There have been seven new drug products brought to market already in 2014 in Canada (excluding influenza vaccine formulations), five of which are specialty drugs. Last year, 63% of new products approved by Health Canada were specialty products, according to the Cubic Health Canadian Drug Database.
The buzz in the world of drug plan benefits in 2014 has been around claims for, and the cost of, new treatments for hepatitis C. The new products on the market in this space are wonder drugs:
- Galexos (simeprevir) — The 150 mg capsules represent a new once-daily oral protease inhibitor on the market that is used with peginterferon and oral ribavirin. Galexos has a daily cost of approximately $480. It is not an option for patients with sulfa allergies.

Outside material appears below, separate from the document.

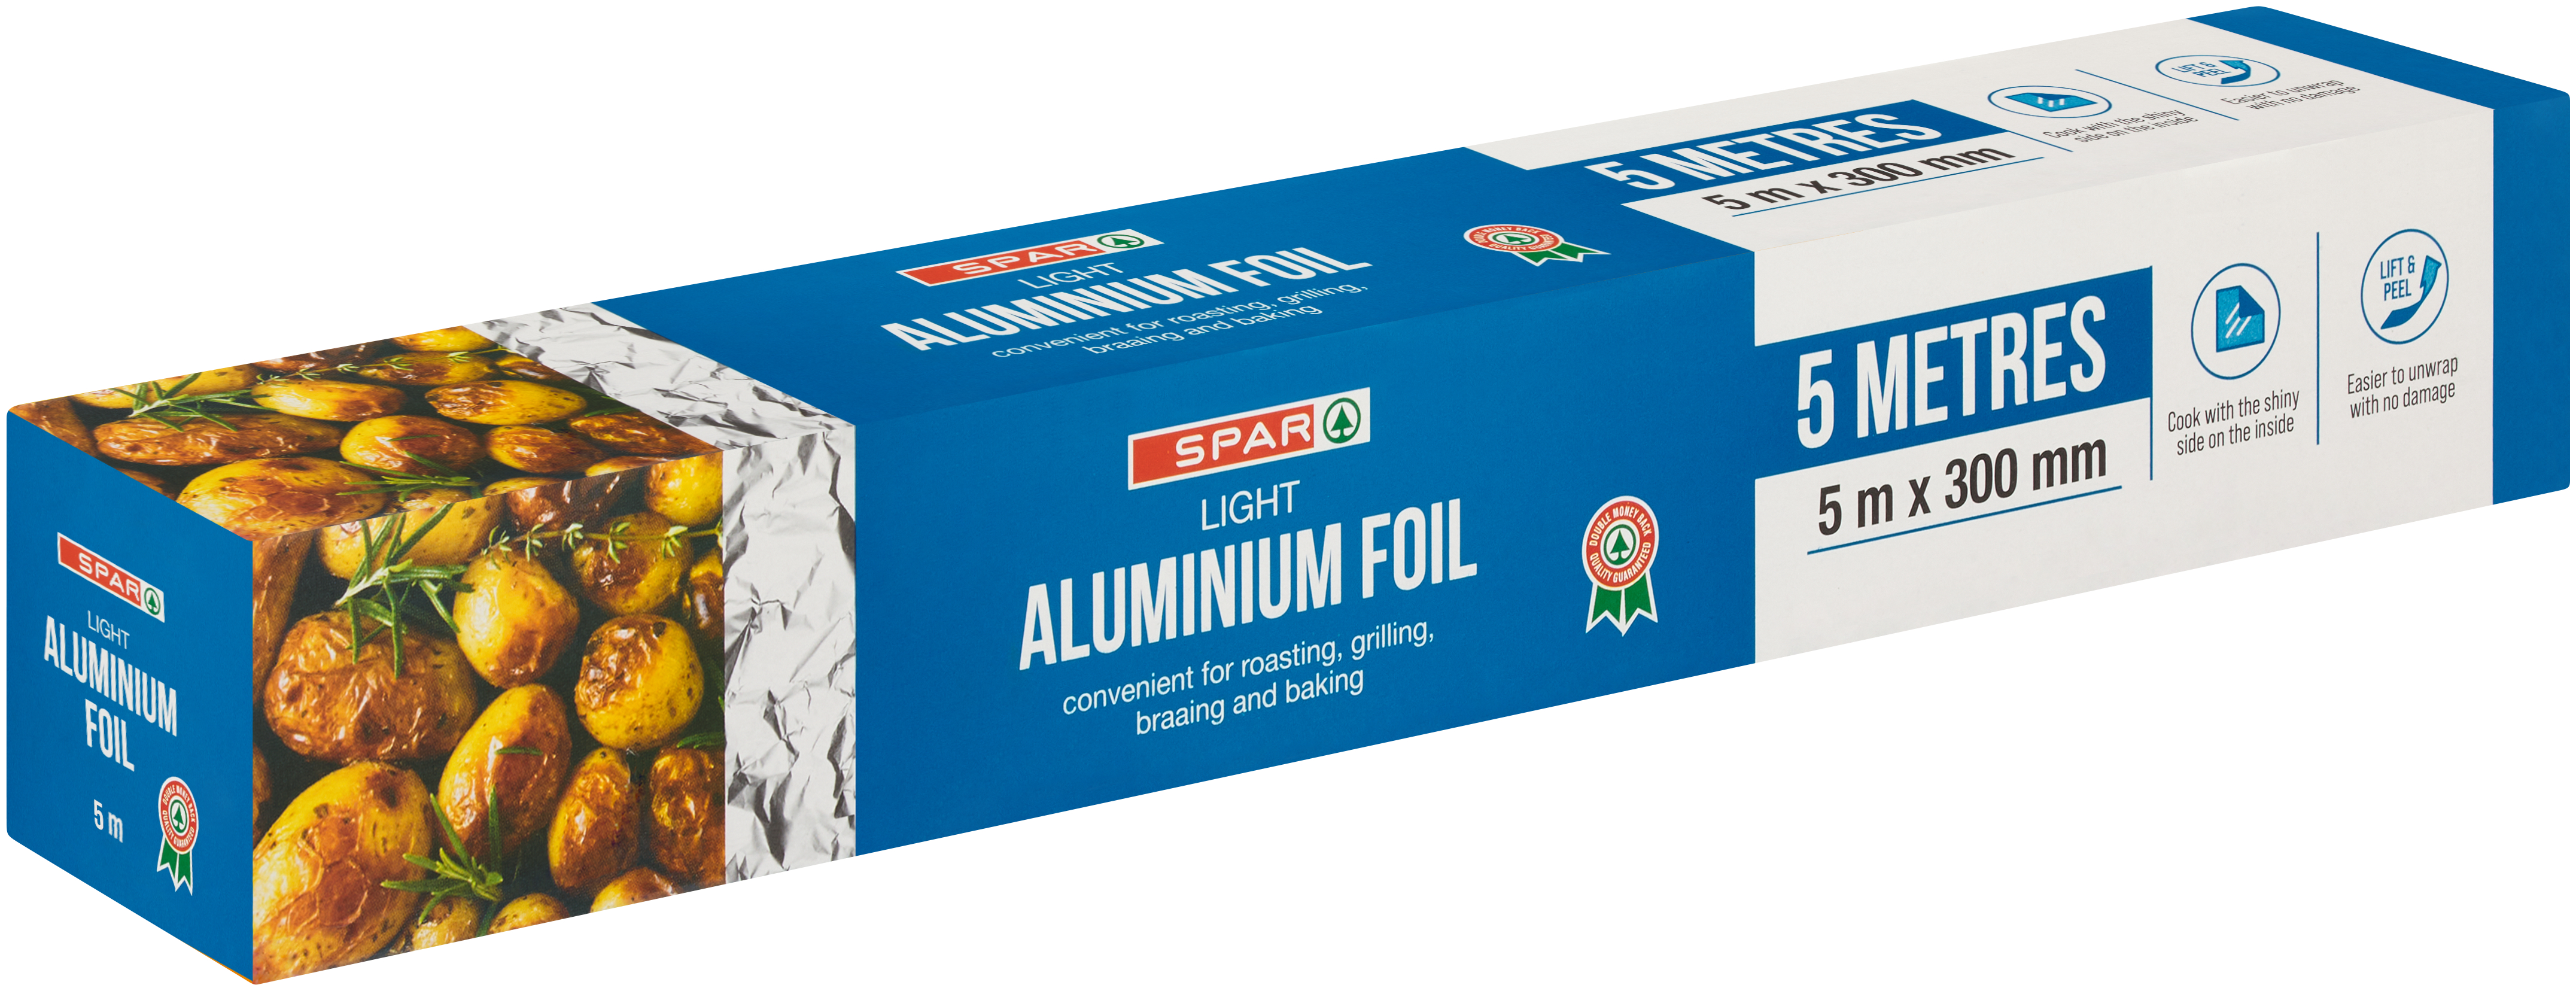 light aluminium foil

- Sovaldi (sofosbuvir) — The 400 mg tablets represent a once-daily medication in a new class called polymerase inhibitors and represent the first all-oral regimen for certain types of hepatitis C. It has a daily cost of approximately $720. Most patients will require 12 to 24 weeks of Sovaldi treatment, compared with 24 to 48 weeks for Galexos, so the overall costs are reasonably similar, and, clearly, they are both incredibly expensive.
That being said, these are game-changing drugs for many hepatitis C patients, and that term is not used lightly when discussing this disease. In the past few days, I have fielded six calls on the medication from plan sponsors and advisors seeing it hit their plans for the first time.
These trends, and the buzz around hepatitis C, all support the notion that, while lower generic prices and patent expirations were a nice bonus for Canadian plan sponsors over the past three years, things are about to get significantly more complicated.
One tool that is surprisingly underused by Canadian plans is using claims data to predictively model the impact of future specialty drug claims based on the plan’s existing disease state and demographic profile, and current therapeutic mix. This is an important consideration for the following reasons:
- How does a plan know what its contingent liabilities are moving forward without understanding (and quantifying) the risk for increasing in utilization and spending within its future specialty experience given that less than 1% of all claims can cost a plan more than 20% of its total drug spend?
- How does management determine what level of stop-loss coverage the plan will require so it can determine what premium makes the most sense?
- The insurance industry fundamental of the past dictating the future means much less in the drug plan benefit than it does in other benefit lines. Looking at historical claims data without a predictive lens (i.e., simply looking at retrospective claims and assuming a basic pattern will continue) doesn’t work looking at this area.
- If a plan sponsor is looking to strategically plan what its drug benefit needs to look like moving forward and what changes need to be considered to keep the financial performance acceptable without cost shifting to members, how can it design a plan without knowing what impacts are likely to be seen on the specialty side?
This is where general industry benchmarks have very little meaning for an individual plan sponsor. Sure, it’s nice to know if your plan has been phenomenally lucky to have a low incidence of catastrophic disease states, or profoundly unlucky to wind up with a substantial specialty experience driven by a high proportion of recurring claims, but what does that tell a plan about the future so it can proactively manage the experience?
A given plan’s risk for additional specialty claims needs to consider the following:
- current demographic and disease state profile of the claimants within the experience (how can you benchmark specialty drug use today or in the future if you aren’t considering the demographics and existing disease state profile of the plan in question and accounting for these factors accordingly?);
- current plan design elements and location of the plan;
- current mix of acute versus chronic specialty claims;
- current saturation rates of disease within the population; and
- current treatment distribution of treatment regimens among claimants within a given disease (e.g., those treated with specialty versus those treated with traditional therapies only).
There’s isn’t a tremendous amount of value in noting that specialty drugs are expensive, or that they will continue to strain a plan’s resources—the market is well aware of that. In fact, we seem to be reminded of that on a daily basis. What is valuable for a plan is understanding what its own situation will look like moving forward, based on its own unique experience, so it can plan accordingly and look at responsible ways to provide necessary health benefits to plan members in a sustainable manner.
An understanding of future liabilities on the cost side by examining transactional-level drug claims data will also allow plans the ability to integrate absence and disability data to measure concrete return on investment from these innovative therapies.